We utilized the jackknife or “leave one out” procedure in order to build HMM. It is a cross-validation technique first developed by Quenouille²⁷, widely used to evaluate the actual predictive power of computational predictive model and to minimize the risk of over-fitting. Technically, the goal is to estimate the generalization performance of a predictive model as a random effect model. This is done by dropping in turn each observation and fitting the model for the remaining set of observations. The model is then used to predict the left-out observation. With this procedure, each observation has been predicted as a new observation. Gong²⁸ provided a detailed description of the jackknife procedure. Following the jackknife procedure, we randomly selected 3 different validation partitions with 45 samples of 90% of the participants to evaluate the discriminability of the proposed model in order to estimate the 8-year risk of developed T2DM. Subsequently, to evaluate the predictive performance of the multivariate HMM, we used AROC as a similarity measure. The AROCs for these validation datasets ranged from 0.73 to 0.869, demonstrating a high reliability of discrimination for the HMM model in repeated random-sample subsets. However, the final model was chosen based on the performance, both in terms of standard error and general behavior in each patient, on the validation dataset.

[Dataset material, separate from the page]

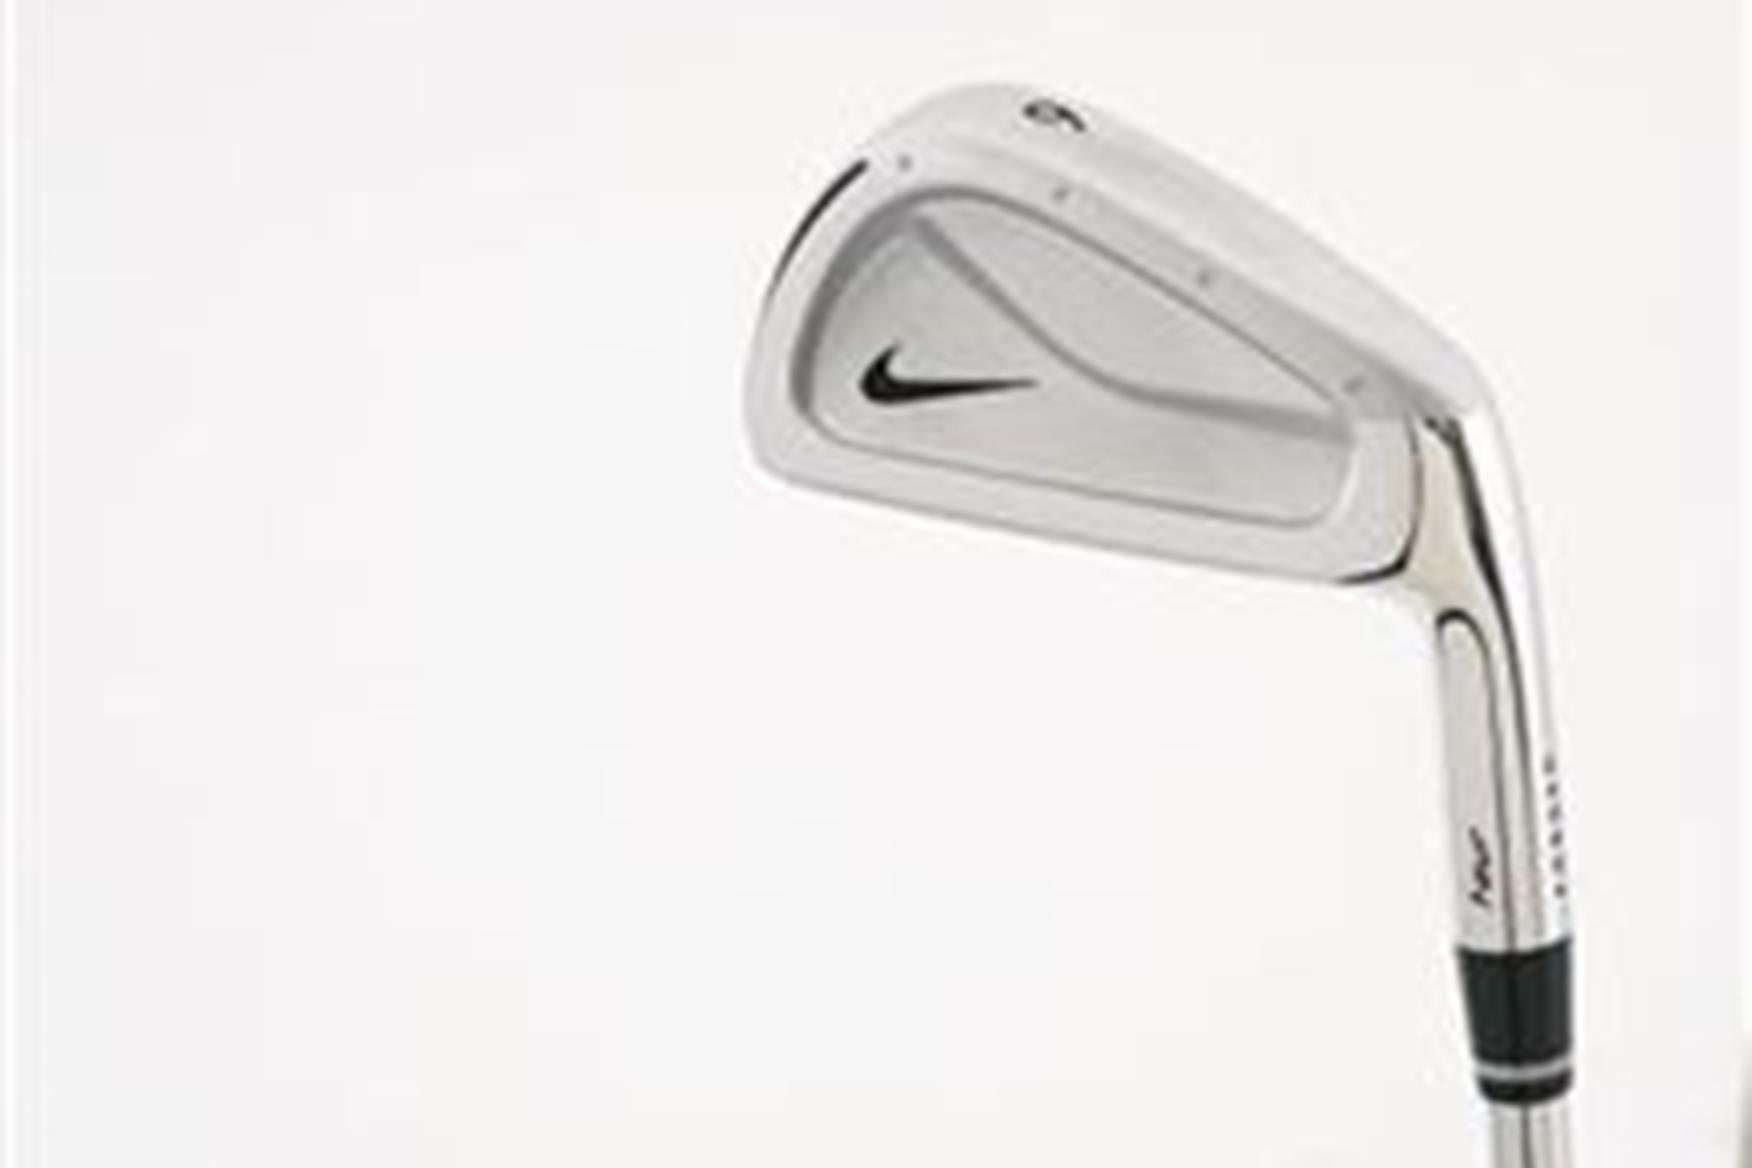 Nike Golf Pro Combo Tour Better Player Irons Review | Equipment Reviews |  Today's Golfer
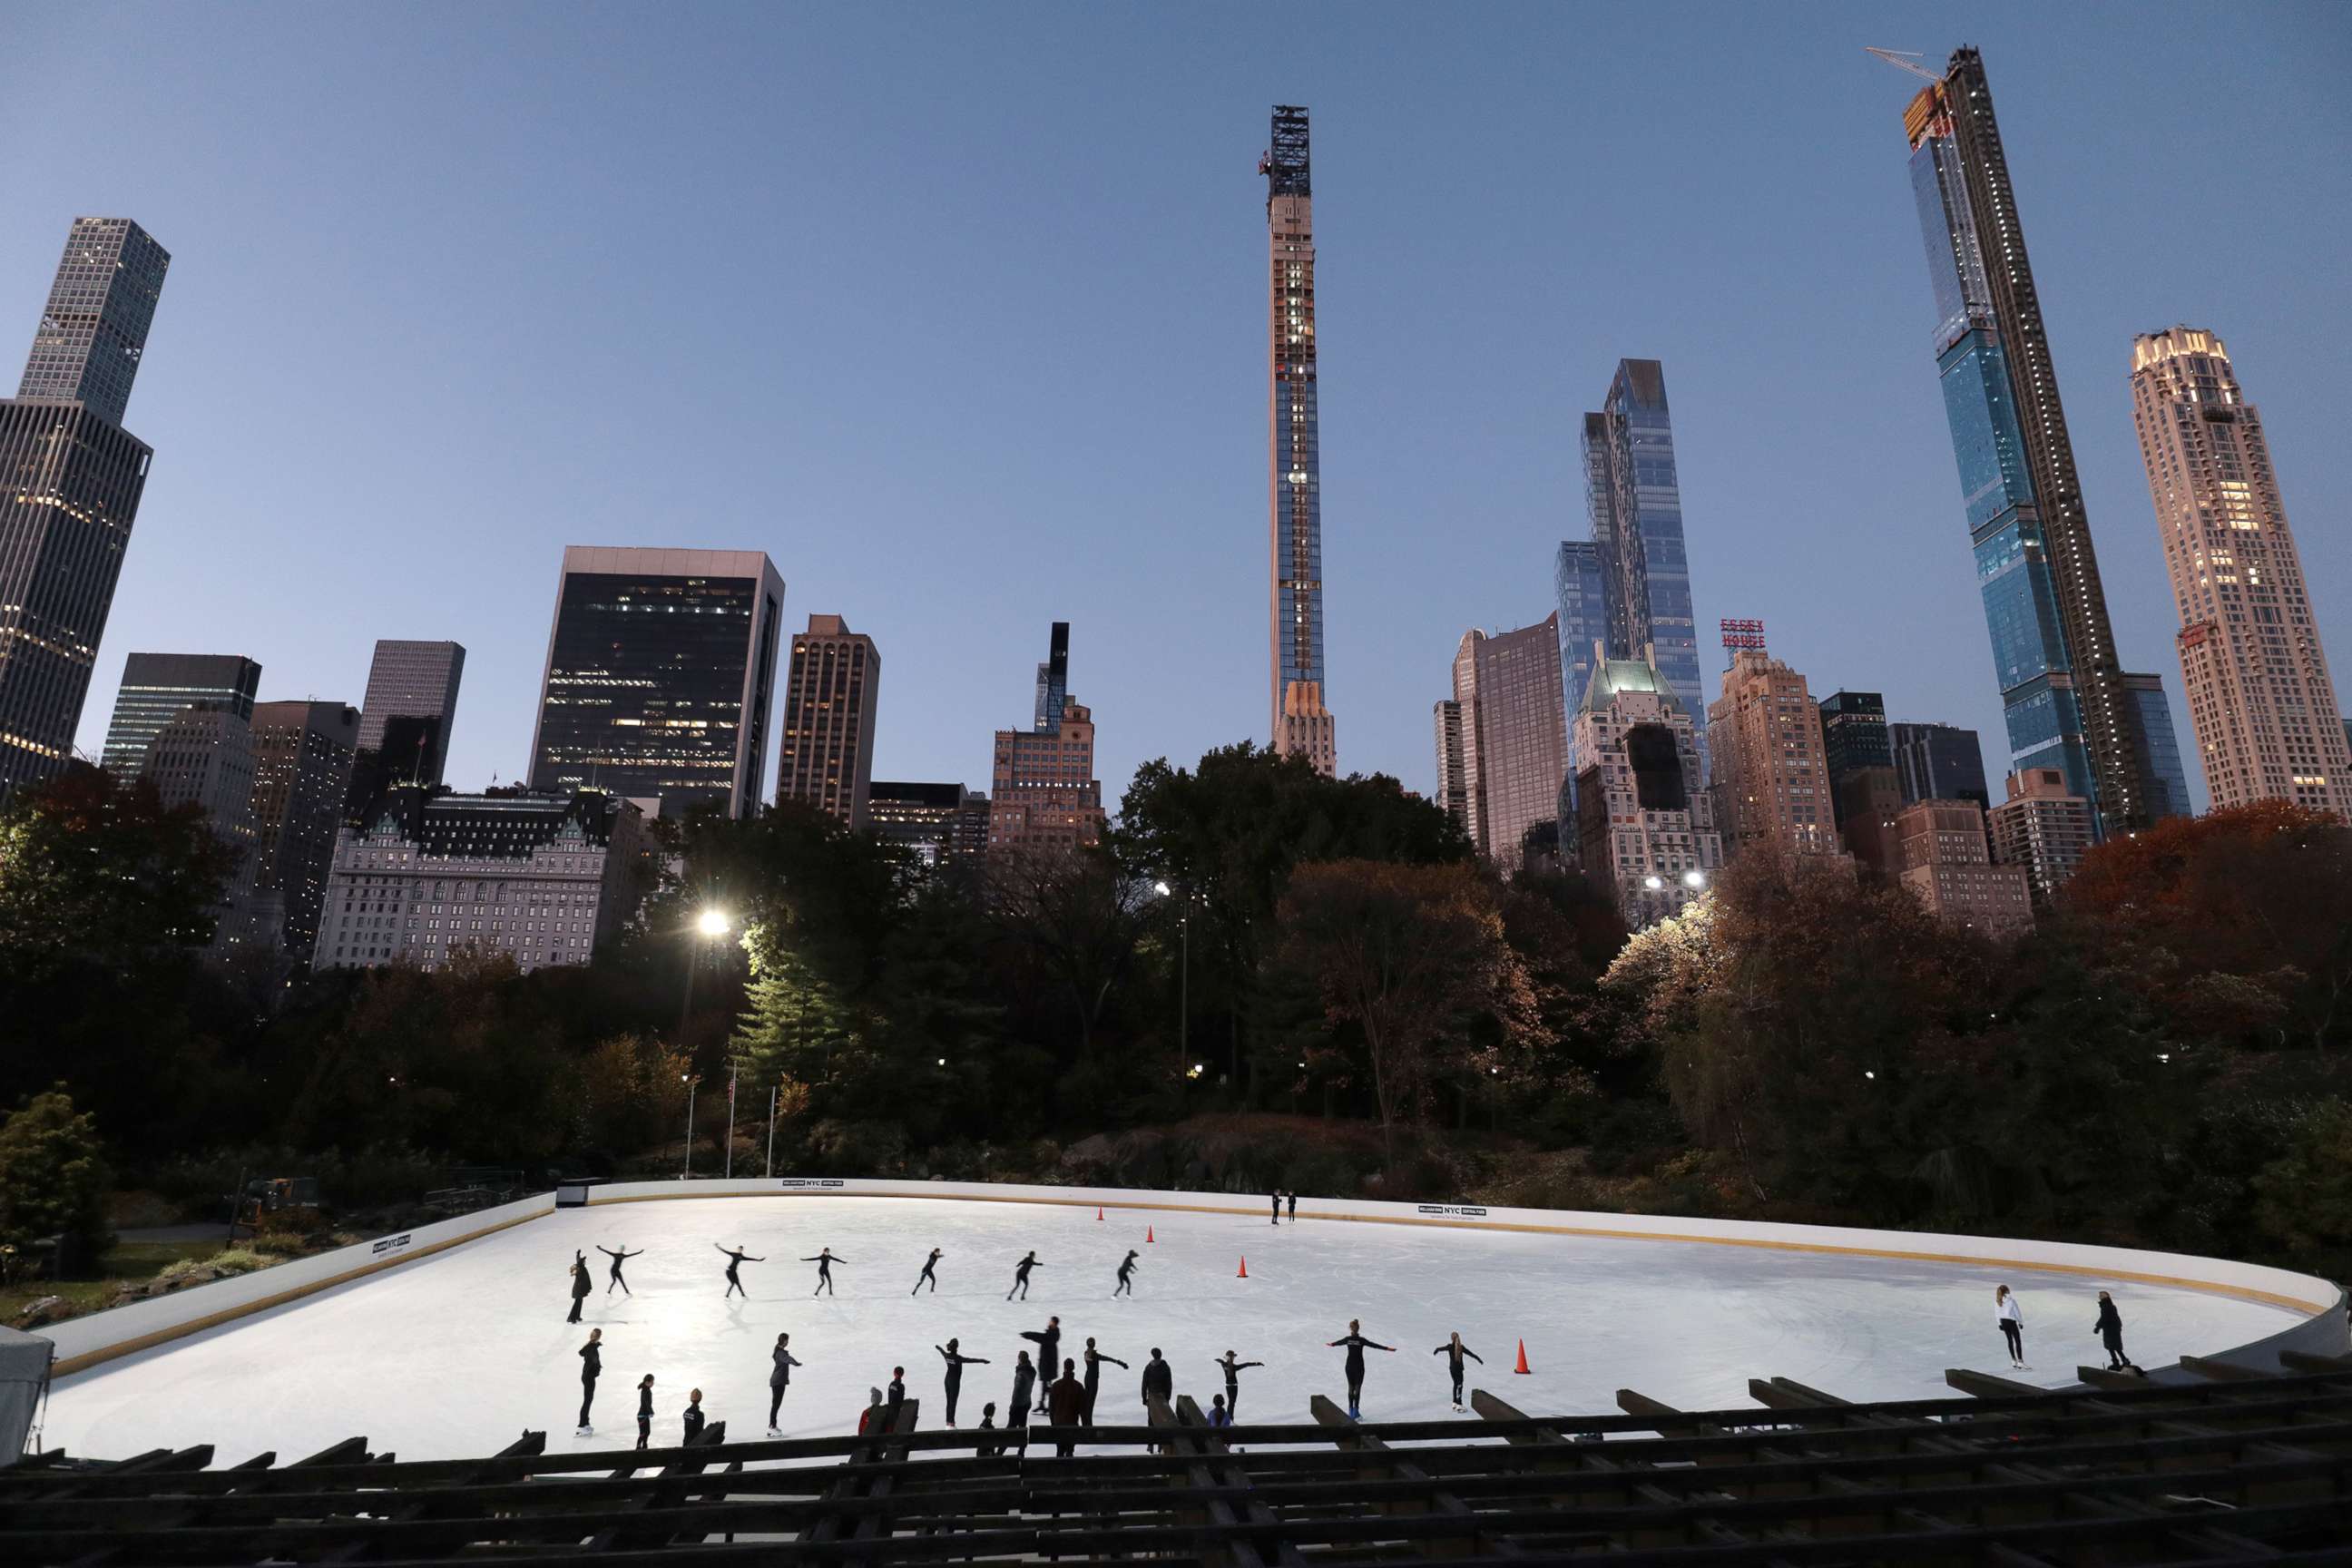 PHOTO: Wollman skating rink in Central Park, Nov. 2, 2019, in New York City.

Figure 1 shows the predictive power of our proposed model over derived study sample, as described above, in term of AROC. Theoretically, the AROC can assume values between 0 and 1. However, the practical lower bound for a random classifier is 0.5, implying no discriminative capability, while an ideal classifier will take the value of 1. Figure 1 demonstrates graphically that we have a curve that mimics the Bell curve which means we have a large area under the curve. It has a good balance of sensitivity and specificity with an AROC value of 0.869 which is statistically significant with p-value < 0.05 and a narrow 95% Confidence Interval (CI).

The AROC in our research sample, using the proposed approach, was 86.9% (p < 0.0005, Standard Error = 0.54 [95% CI, (0.763–0.975)]), as shown in Table 5. The proposed method was also evaluated and compared to baseline approaches as depicted in Table 6. It demonstrated a comparative analysis of the AROCs and the risk for developing diabetes within 8 years among our research sample, the Framingham study research sample using their simple clinical model¹⁴ and the validation study of the Framingham risk scoring model on a Canadian population¹⁵ with AROCs of 86.9%, 85% and 78.6% respectively. Furthermore, experimental results demonstrates that the AROC of our proposed model is superior to the model developed for the FDRSM validation study in a Canadian population¹⁵ and the Framingham simple clinical model¹⁴. It can also be concluded that machine learning techniques have the potential to validate complex models based on prospective studies with high performance and are capable of identifying persons who will develop T2DM from those who will not. Whereas Fig. 2 represents AROC (p < 0.0005, Standard Error = 0.60 [95% CI, (0.710–0.946)]) of our proposed model using risk factor consider relevant in this study excluding age, to determine the significance of age in developing diabetes risk.

Table 5 Summary of Area Under Receiver Operating Characteristic Curve (AROC) in our derived research dataset.

Full size table

Table 6 The comparative analysis of AROCs and 8-year risk for developing diabetes among our research sample, the Framingham research sample (simple clinical model) and FDRSM validation study in Canadian population.

Full size table

According to the probabilistic prediction of HMM, we determined that 42% of individuals in our sample had a risk of less than 3%; 44% had a risk between 3% and 9% and 13% had a risk for developing diabetes within 8 years greater than or equal to 10%. The estimated risk figures, amongst the 3 different risk categories with the cutoff value < 3, 3 to 10 and greater than 10, for developing type 2 diabetes within 8 years in the Canadian validation study of the FDRSM were respectively 70.1, 16.3 and 13.6, whereas the Framingham study predicted 63.8%, 20.7% and 15.6% respectively, as depicted in Table 6.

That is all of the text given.